У меня было простое желание — провести ночь в поезде с женой. В смысле не романтично, а спокойно. Без людей, без ног на твоём одеяле и без чужих котлет в дорожном судочке. Поэтому мы выкупили всё купе. Это дорого, но иногда ты просто хочешь один раз в жизни проснуться не от чужого храпа, а от собственного.
Это был наш мини-курорт. Четыре квадратных метра личного счастья, где можно было снять ботинки без страха и есть печенье без опаски, что кто-то скажет:
— О, это моё любимое!
Мы ехали ночью. Вокруг было тихо. Вдали мерцал чайник. Поезд стучал колёсами, как будто повторял мантру:
"Всё-хорошо-всё-хорошо..."
И тут — в 4:07 утра, точнее, чем швейцарские часы, — в дверь постучали. Неуверенно, но многозначительно.
На пороге стоял проводник. С лицом человека, у которого три развода, ипотека, гайморит и конфликт с начальством. Голосом человека, которому всё надоело, он произнёс:
— Послушайте, тут женщина с ребёнком… Место у них одно на двоих — верхнее. А нижнее ей уступать никто не хочет. Можно их к вам?
Я вежливо ответил:
— Да, заняли. Мы купили.
Проводник замер. Потом сжал губы, как будто попробовал лимон.
— А совесть у вас есть? Люди тут с детьми, между прочим.
— Ну, а я тут с женой, — парировал я. — Это не повод устраивать детский сад в нашем купе.

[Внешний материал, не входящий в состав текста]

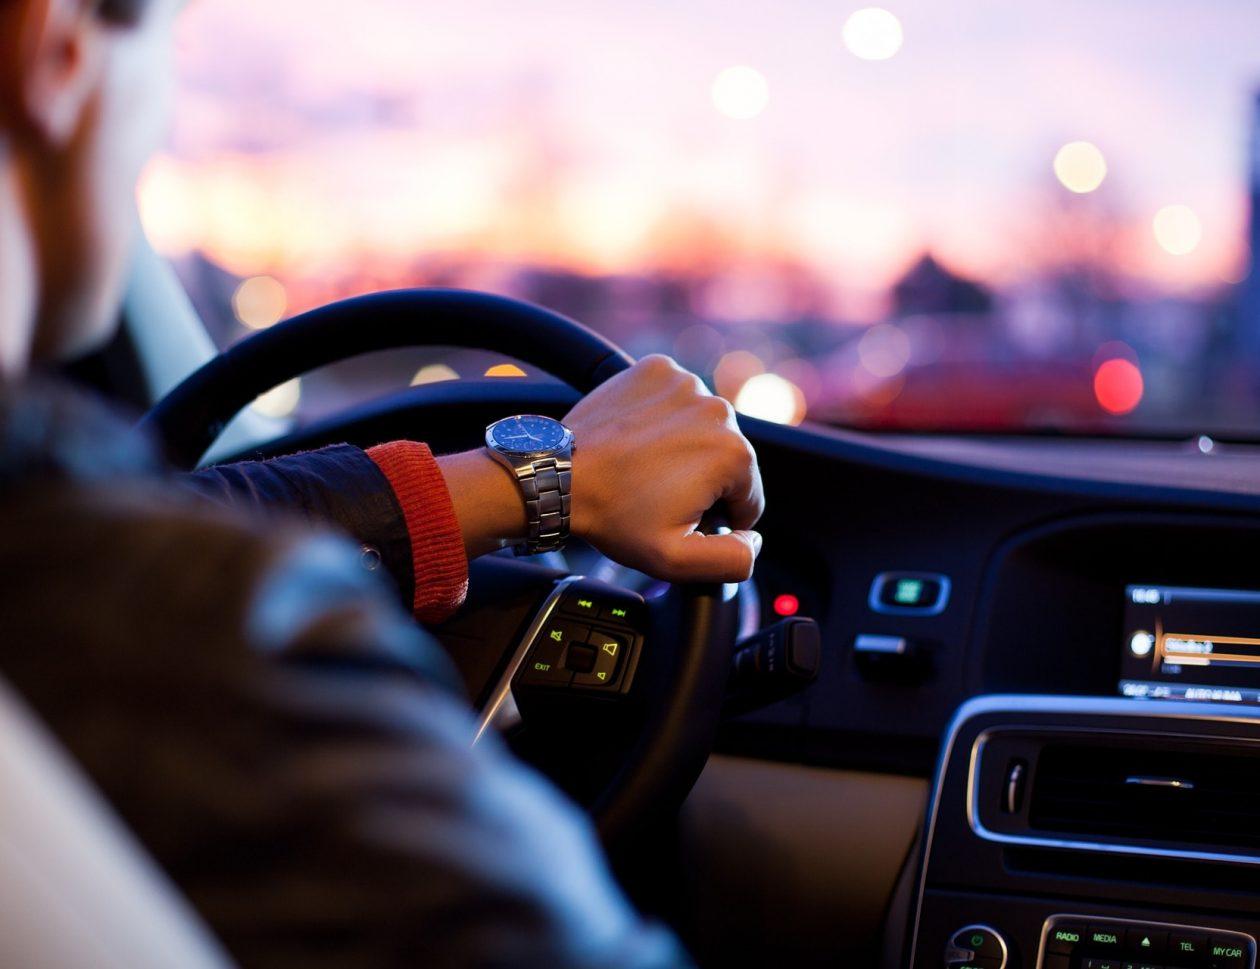 Kręgosłup za kierownicą, czyli jak ograniczyć ból pleców podczas jazdy samochodem
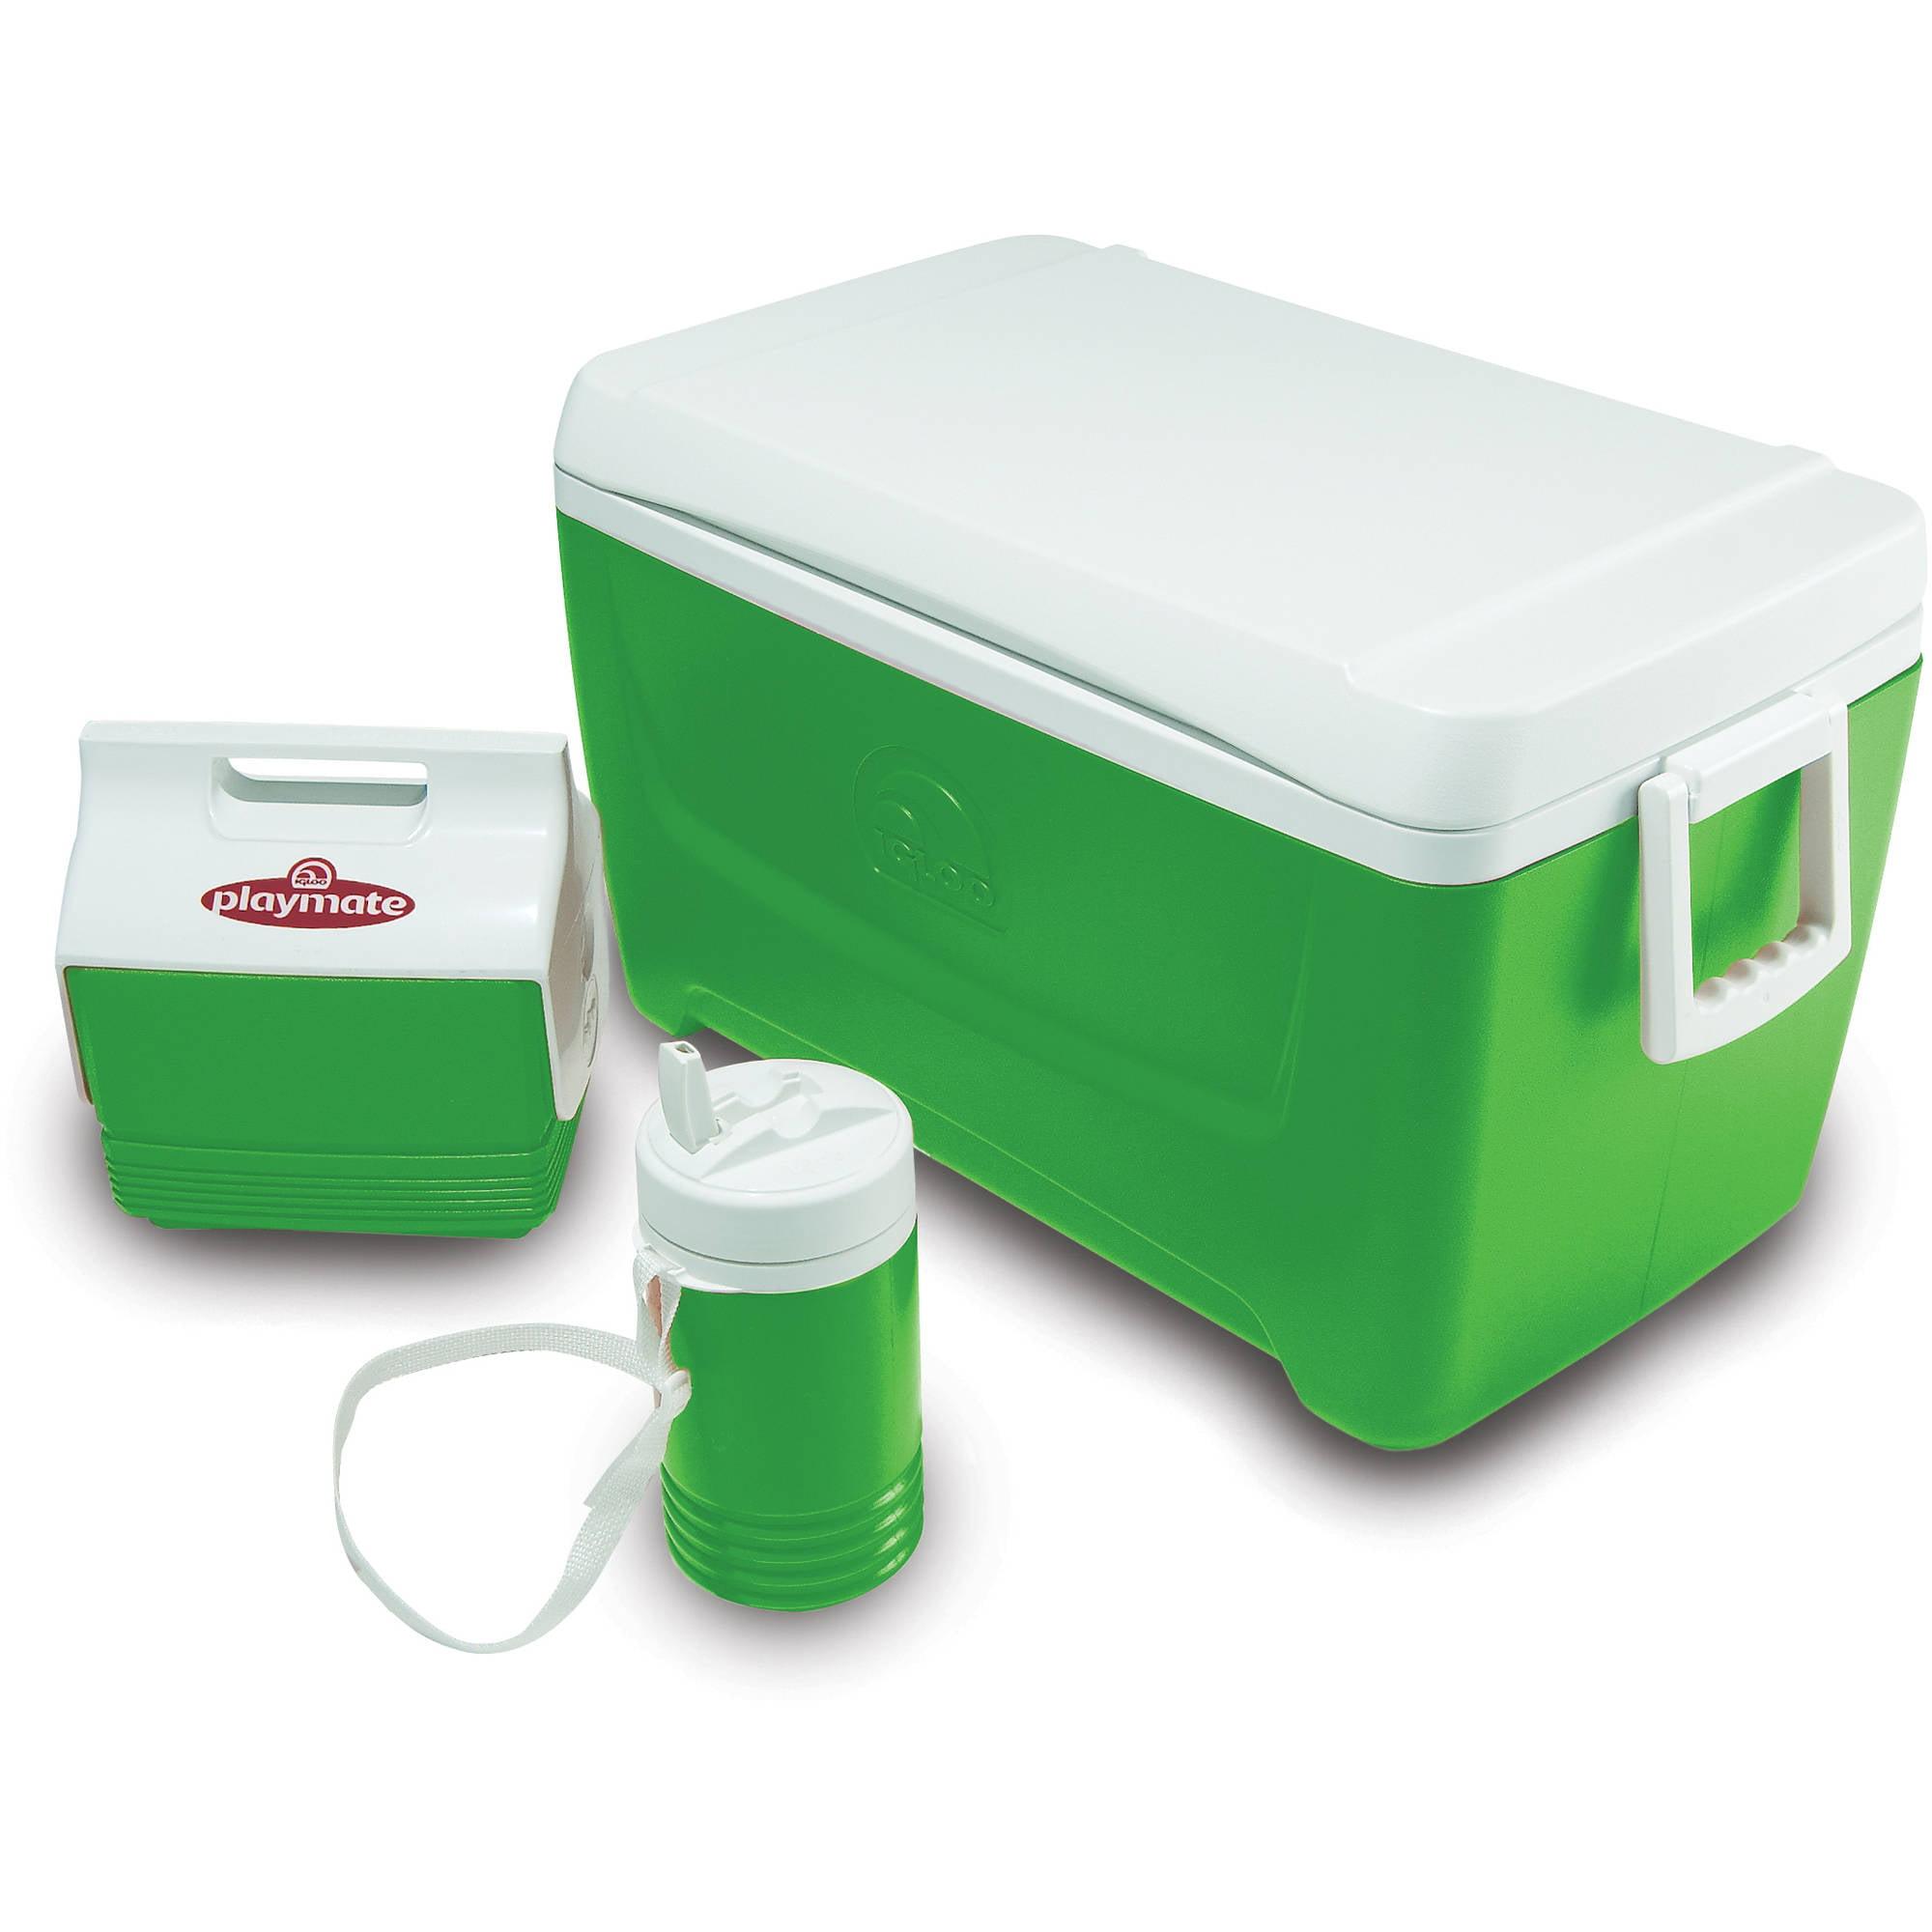 Igloo 48-Quart IB Cooler with Playmate Mini and Legend 1-Quart Jug

Проводник ушёл. Я выдохнул. Но не прошло и тридцати секунд, как дверь открылась настежь, и в купе влетела та самая женщина.
С причёской, как будто её делали в танке на полном ходу, и голосом, как у Лайзы Миннелли, она закричала:
— Там моего ребёнка бьют, а вы нас не впускаете!!!
Я сначала подумал, что это шутка. Потом — что это провокация. Потом — что я сплю.
Жена открыла глаза и, не говоря ни слова, натянула одеяло до глаз. Это был её способ сказать: "Решай сам, но живи с последствиями".
Женщина стояла посреди купе. На руках — ребёнок, испуганный, как будто его выдернули с мультика.
— Эти двое, — кричала она, указывая на нас, — эти вот! Они не пускают нас! Они думают, что деньги решают всё!
И дальше — в адрес моей жены:
— Шалашовка крашеная! Вы всё купе выкупили, а о людях не подумали! У меня ребёнок! Вы звери, а не люди!
Проводник молчал. Потом, встав рядом с женщиной, добавил:
— Да, не по-людски вы, товарищи. Раньше как-то добрее были.
На этот момент в вагоне уже никто не спал. Из дальнего конца пошёл народ. Как в «Собачьем сердце» — с кастрюлями, венчиками и моральной позицией. Один мужик с пузом, как у пивной бочки, заявил:
— Сейчас мы с вами поговорим! Такому быку как ты — на боковую!
Жена включила диктофон. Я, поняв, что тут всё по-взрослому, вырвался в соседний вагон — искать начальника поезда. По пути подобрал линейных полицейских. Троих. Один был сонный, второй — мрачный, третий — голодный.
Пока мы возвращались, в нашем купе уже началась вторая серия. Женщина вцепилась в поручень и орала, что "никуда не выйдет". Ребёнок плакал. Пассажиры вокруг спорили: кто за мамашу, кто за нас, кто просто за то, чтобы "уже все заткнулись".
Тут подъехала подмога — трое полицейских со станции. Женщину и ребёнка — вынесли. Почти буквально.
Она кричала, что мы все сатанисты, и что ещё напишет в прокуратуру.
Когда её вывели, наступила тишина. Глухая. Как после землетрясения. Только чайник свистел на фоне.
Проводник налил себе кружку чая. Посмотрел на нас с грустью, будто мы — не пассажиры, а потерянная мораль общества.
— Страна катится… — пробормотал он.
Я хотел что-то ответить, но не стал. Мы легли. Мы не спали. Мы просто лежали.
На утро соседка из соседнего купе передала нам шоколадку со словами:
— Вы молодцы. Только это ничего не изменит.
Мы сказали спасибо. Потом смотрели в окно. Там шёл дождь. Всё шло.
P.S.
Я думал, мы просто поедем в купе. А оказалось — это был спектакль. Только билеты мы купили не на сидячие места, а на главные роли.
Так и живём. Хотел тишины — получил фарс.
А вы говорите — зачем выкупать всё купе?